Unexpected Effects of Surfactant Adsorption Upon Water/Vapor Surface Geometry and Fluctuations

As described by capillary wave theory, adsorbates at a water/vapor interface change surface geometry and fluctuations through altered surface tension. Detailed theoretical studies of surface geometry in the presence of adsorbates, specifically amphiphilic surfactants are relatively sparse and many applications have focused upon ensemble average surface geometric characteristics. In this work we demonstrate that different interpretations of surface geometry emerge when considering the distributions of the geometric descriptors of surface curvature and orientation as a function of adsorbed surfactant concentration and sterics. Molecular dynamics simulations of tributyl phosphate (TBP) adsorbed to the water/vapor surface indicate that increased surface coverage homogeneously enhances symmetric sharp surface waves until a critical concentration is reached that is concomitant with TBP self-assembly. Thereafter, the convexity and concavity of the surface stop cancelling one another and skewing of the surface geometry metric distributions is increased. We define this as a homogeneous $\rightarrow$ inhomogenous surface geometry transition.
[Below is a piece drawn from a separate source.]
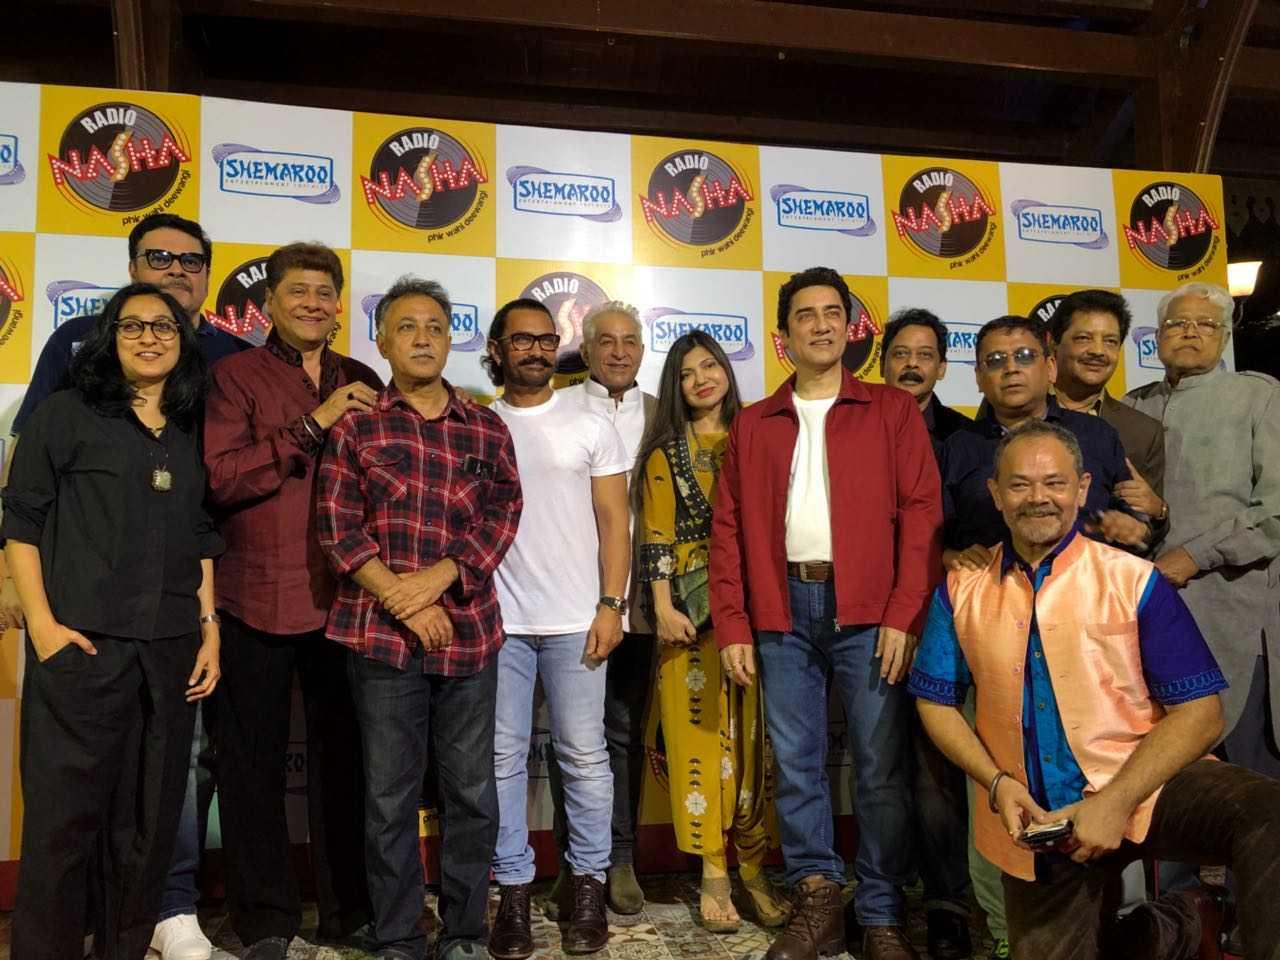 पूरे परिवार के साथ अपनी पहली फ़िल्म की स्क्रीनिंग में पहुंचे आमिर खान !

Examining the surface geometry as a function of alkyl chain length reveals that smaller surfactants at surface coverages below that needed for surfactant-surfactant interactions \textit{inhomogenously} enhance surface curvature on the surface and that adsorbed alkyl tails to the surface can stabilize and increase homogeneous distributed surface geometric metrics. We label this an inhomogenous $\rightarrow$ homogeneous geometric transition. These results reflect the opportunity to incorporate more realistic distributions of surface geometry within the collective understanding of capillary wave theory and the relationship between surface geometry and macroscopic properties like surface tension.